On Tuesday, the day before Barr was to be honored, the chairs of the pro-life and domestic justice committees of the U.S. bishops’ conference condemned two federal executions scheduled for later this week.
“We say to President Trump and Attorney General Barr: Enough. Stop these executions,” Archbishop Joseph Naumann of Kansas City and Archbishop Paul Coakley of Oklahoma City .
Archbishop Charles Chaput, who retired as Archbishop of Philadelphia this year, was scheduled to address the prayer breakfast in March but was “unavailable” for the Sept. 23 event, communications staff for the event told CNA.
Archbishop Chaput’s prepared remarks were published by the journal First Things on Monday. Archbishop Chaput acknowledged in those remarks “many challenges” that face Catholics in the U.S., from within and without the Church.
“But don’t be fooled. God never loses,” he wrote. “And his Church can never lose when we, as her sons and daughters, remember our history, our Christian identity, and our mission to speak God’s truth with love.”
Regarding the honor given to Barr, Archbishop Chaput’s remarks said: “Amen.”
“Throughout my life, the men and women I’ve most admired have all had the same qualities: a thinking Catholic brain, a character of substance, and a moral spine.

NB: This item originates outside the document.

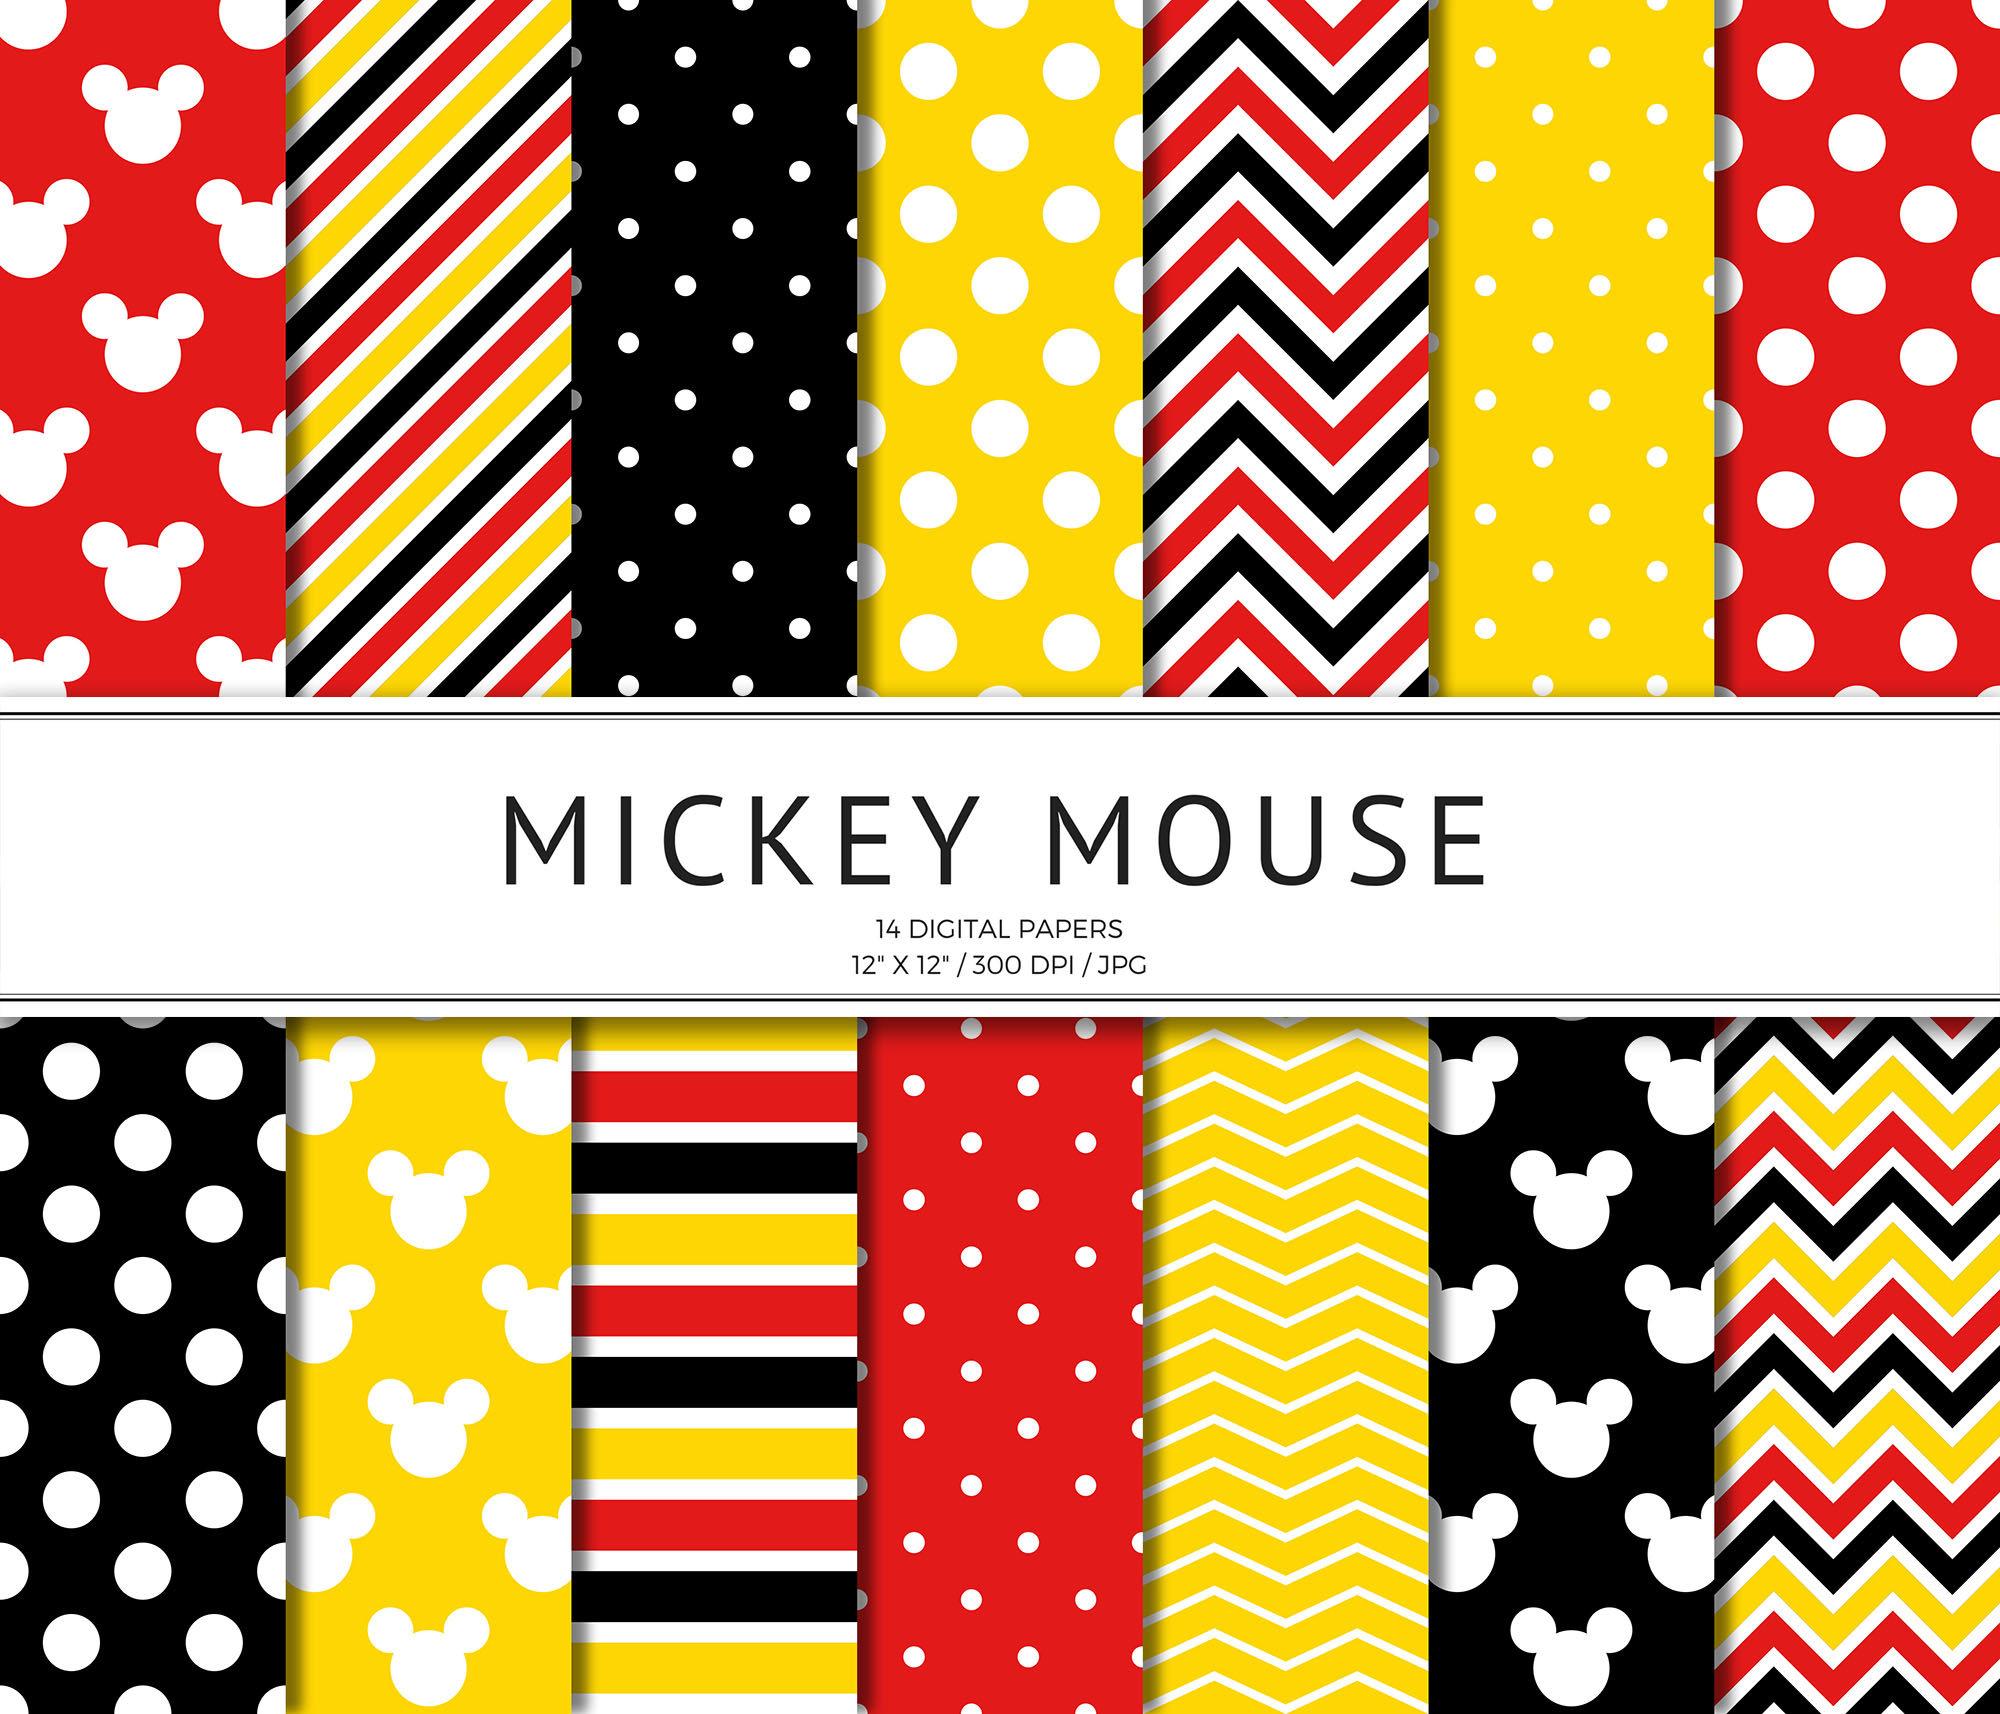 Mickey Mouse inspiriert digitales Papier Disney Scrapbook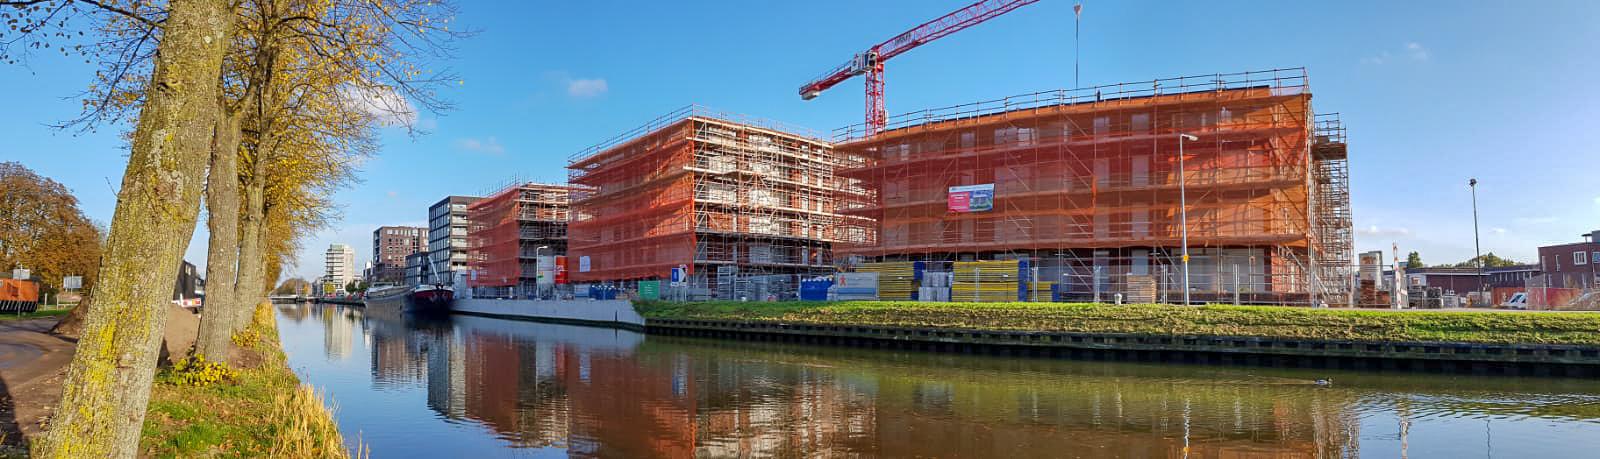 De bouw van Park ZuytWillemsvaert fase 1 vordert

General Barr has all three,” he said. “As an added bonus, he’s disliked by all the right people. I want to thank the various and interesting critics of General Barr for confirming me in that judgment.”
The conferral of the award on Barr was criticized by Democratic House Speaker Nancy Pelosi, who said Wednesday she was “expressing dismay” that Barr was being honored. Sister Simone Campbell, executive director of the lobbying group Network, also criticized the recognition of Barr. Campbell, who spoke at the Democratic National Convention last month, told CNA ahead of the convention that the question of abortion’s legality was “above her pay grade.”
Activist group Faithful America said it gathered more than 22,000 signatures protesting Barr’s award.
The group has previously run petition campaigns against Christian groups it sees as “right-wing,” but has also opposed actions of bishops, schools, and churches upholding the Church’s teaching on marriage, claiming those efforts are anti-LGBT.